0), calcium phosphate method (Science, 221, 551, 1983
), Etc., is introduced into a host to produce a transformant. Escherichia coli and animal cells are used as the host, and the obtained transformant is cultured in a medium suitable for the host. Cultivation is usually carried out at a temperature of 20 ° C to 45 ° C and a pH range of 5 to 8, and aeration and agitation are carried out if necessary. Separation and purification of α-catenin from the culture may be carried out by appropriately combining known separation and purification methods. Examples of these known methods include salting out, solvent precipitation, dialysis gel filtration, electrophoresis, ion exchange chromatography, affinity chromatography, reverse phase high performance liquid chromatography and the like. Naturally refined products are made from various animal organs
Tsukita et al. (Tsukita, S. et al., J. Cell Bio
l., 108, 31-41, 1989), α-catenin can be prepared. It is preferable that α-catenin is a pure product, but a fraction containing α-catenin may be used in some cases. As the raw material organ, any organ can be used, but the liver is preferred because of easy preparation. The type of animal is preferably human, but rat or mouse may be used because it is easily available.

The immunogen α-catenin preferably has the entire structure, but may be a fragment or peptide having a partial structure, and can be appropriately selected from the entire amino acid sequence of α-catenin. For the preparation of the fragment or peptide, a chemical synthesis method, the above-mentioned gene recombination method or a method for degrading a natural product is used. Various condensing agents can be used to prepare a complex of an antigen and a carrier protein, but glutaraldehyde, carbodiimide,
Maleimide active ester etc. can be used. The carrier protein may be a commonly used carrier protein such as bovine serum albumin, thyroglobulin, and hemocyanin, and a method of coupling at a ratio of 1 to 5 times is usually used.
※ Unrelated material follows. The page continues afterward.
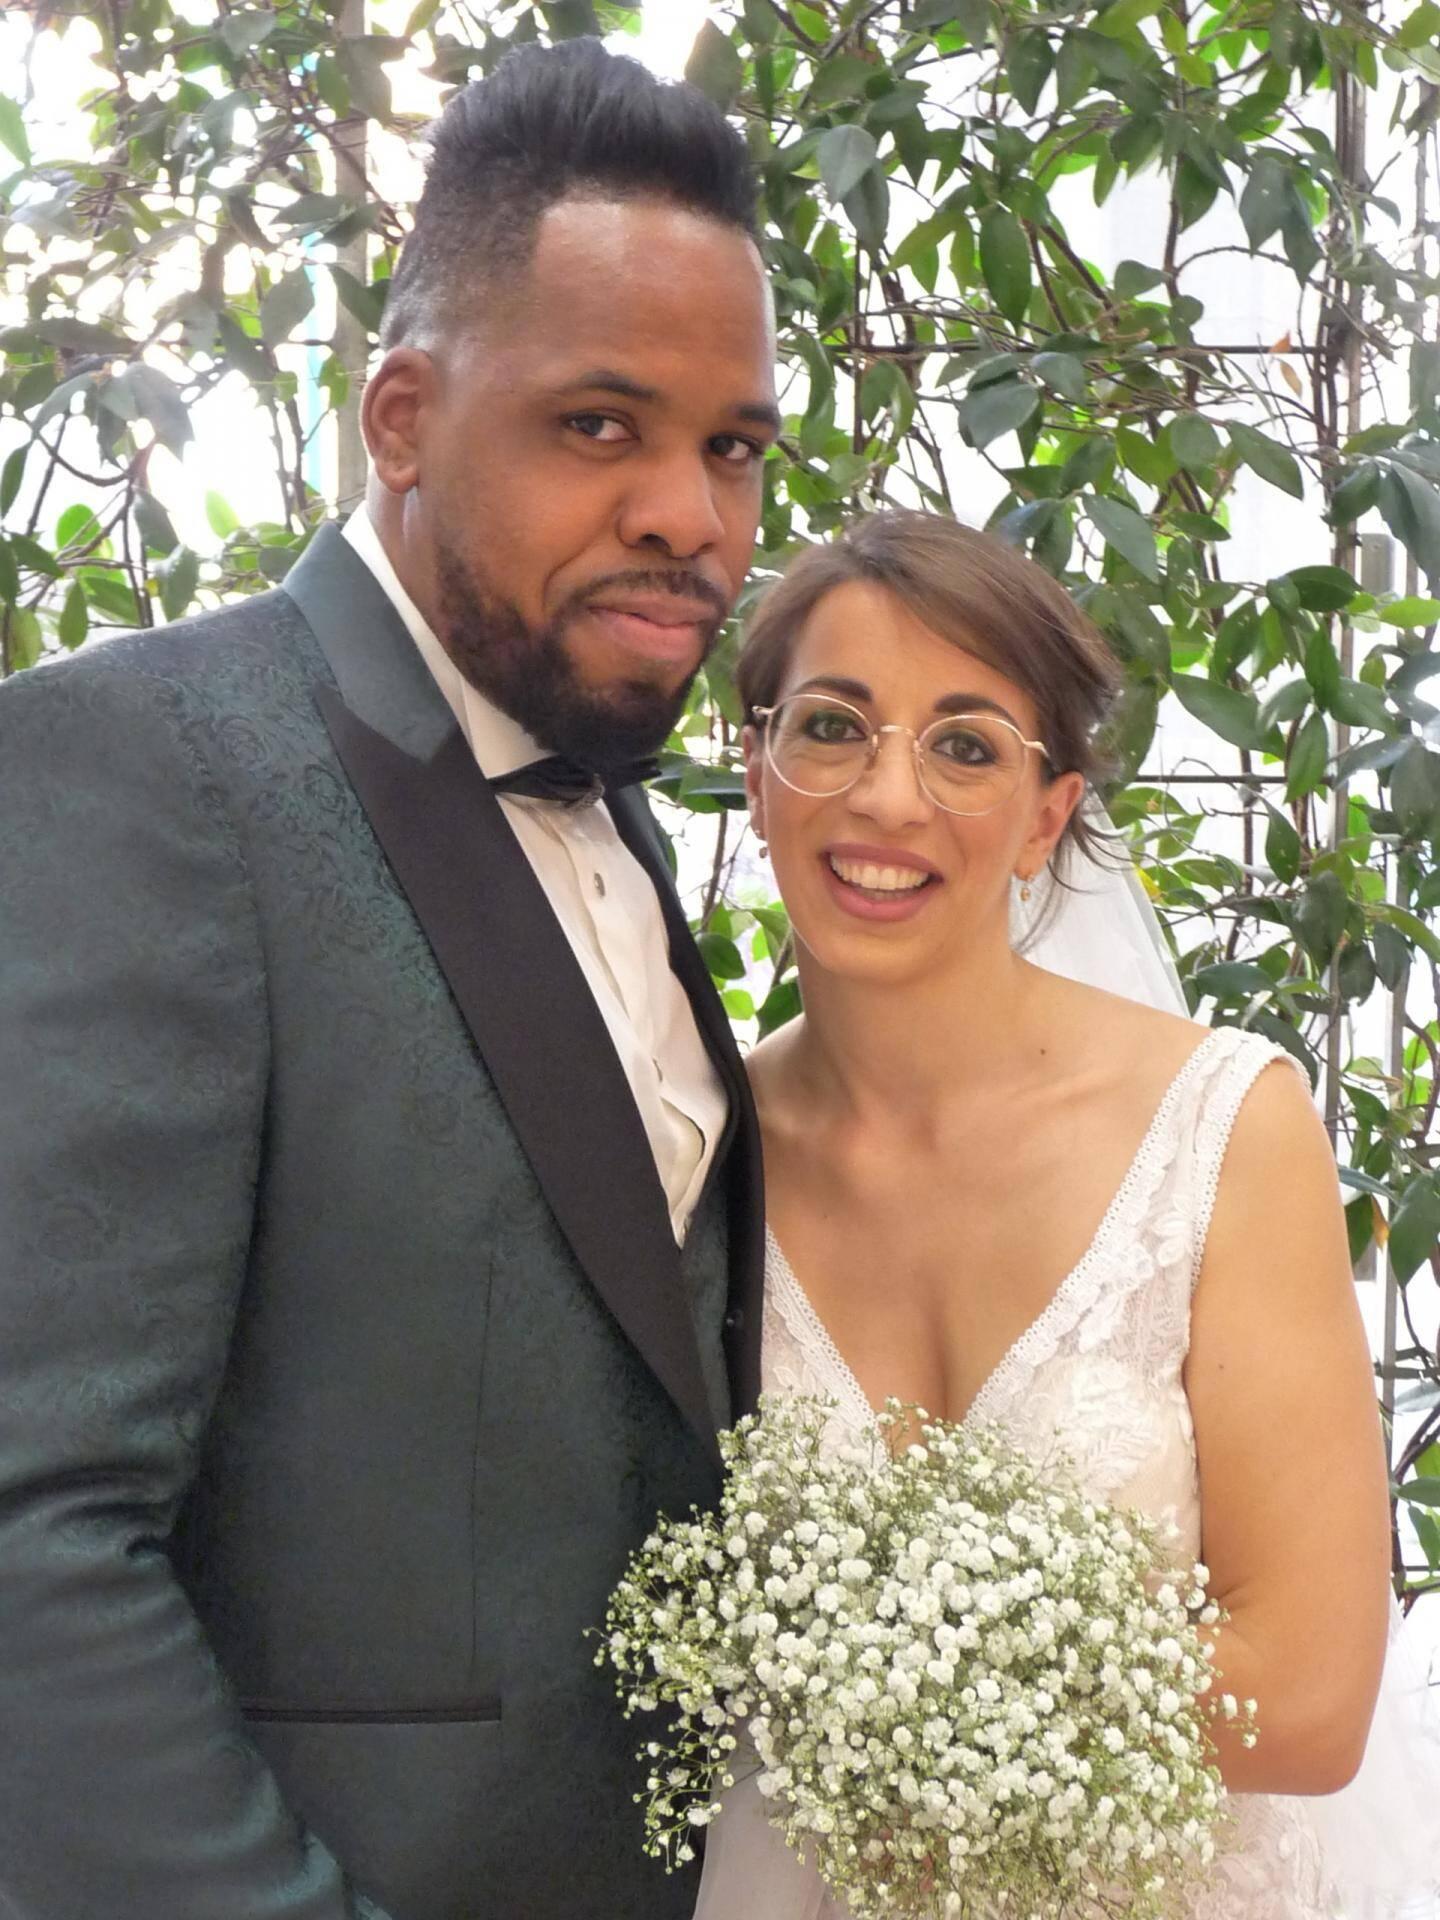 Michael Lellis, employé commercial, et Madeline Toussaint, assistante de direction.

Animals to be immunized are mice, rats,
Rabbits, guinea pigs, etc. are given, the inoculation method is subcutaneous,
It is administered intramuscularly or intraperitoneally. Upon administration, it may be mixed with complete Freund's adjuvant or incomplete Freund's adjuvant, and the administration is usually performed once every 2 to 5 weeks. Antibody-producing cells obtained from the spleen or lymph node of the immunized animal are fused with myeloma cells and isolated as hybridomas. As the myeloma cells, those derived from mice, rats, humans and the like are used, and it is preferable that they are derived from the same species as the antibody-producing cells, but it may be possible between different types.

The operation of cell fusion is known in the art, for example, the method of Kohler and Milstein (Nature, 256, 495, 197).
It can be carried out according to 5). Examples of fusion promoters include polyethylene glycol and Sendai virus,
Usually, polyethylene glycol (average molecular weight 1000-4000) with a concentration of about 20-50% is used at 20-40 ° C, preferably 30
Cell fusion can be carried out by reacting at a temperature of ˜37 ° C. for a ratio of the number of antibody-producing cells to the number of myeloma cells, usually about 1: 1 to 10: 1, for about 1 to 10 minutes.
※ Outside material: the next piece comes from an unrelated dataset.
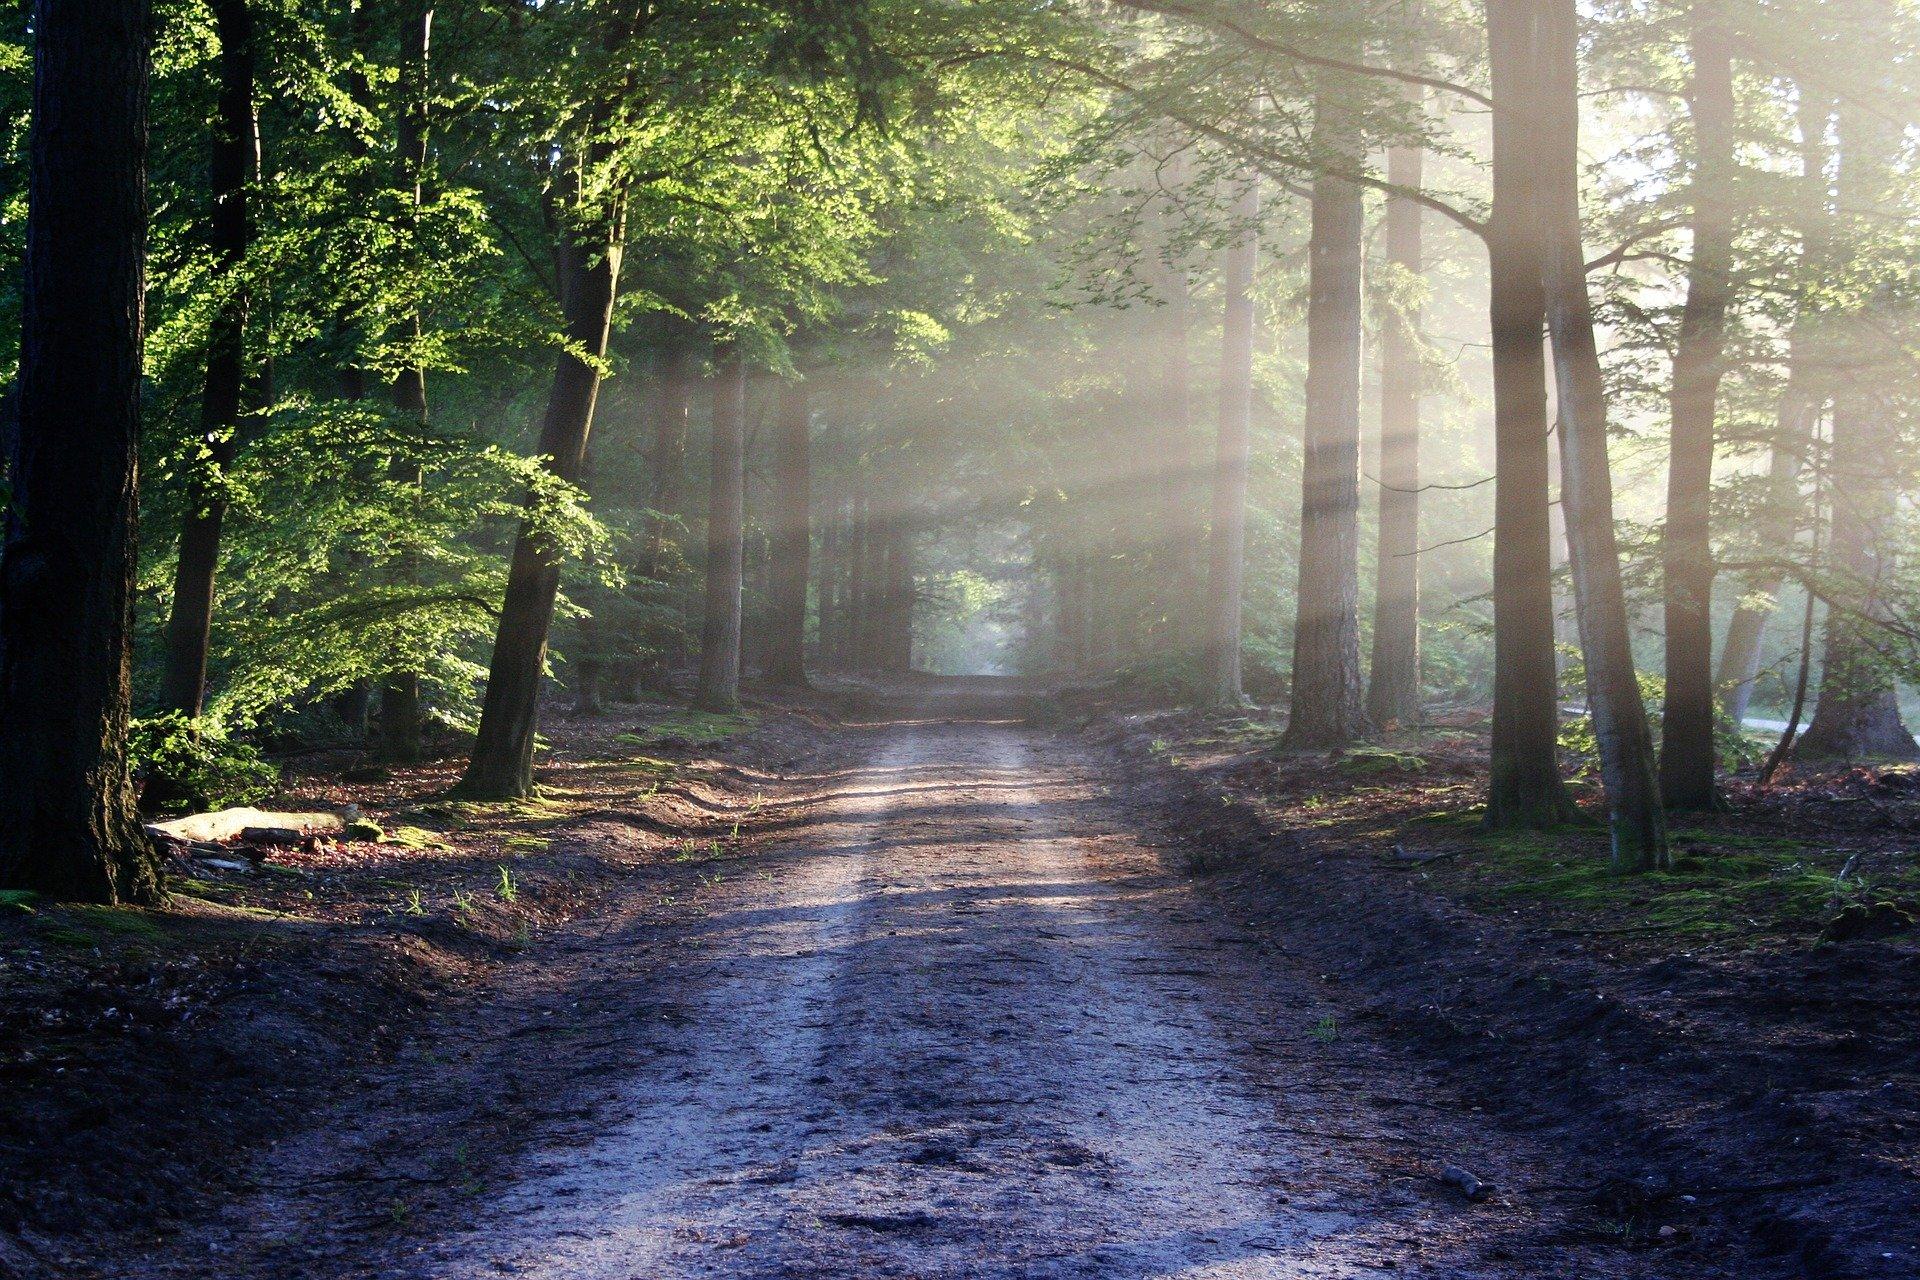 「回家」的路途,就是拿回靈魂力量之路!

Various immunochemical methods can be used for screening anti-α-catenin antibody-producing hybridomas.
For example, an ELISA (Enzyme-linked immunosorbent assa) using a microplate coated with α-catenin
The y) method, the EIA (Enzyme immunoassay) method using a microplate coated with an anti-immunoglobulin antibody, the Western blotting method using a nitrocellulose transfer membrane after electrophoresis of a sample containing α-catenin, the tissue staining method and the like. Since the purpose of the present invention is to prepare a monoclonal antibody applicable to the tissue staining method, the ELISA method, the Western blotting method and the tissue staining method are used in combination to obtain wells producing the desired antibody. A clone is obtained from such a well by further cloning, for example, by the limiting dilution method. Hybridomas are usually selected and bred by adding HAT (hypoxanthine, aminopterin, thymidine), and using an animal cell medium (eg, RPMI1640) containing 10 to 20% fetal bovine serum.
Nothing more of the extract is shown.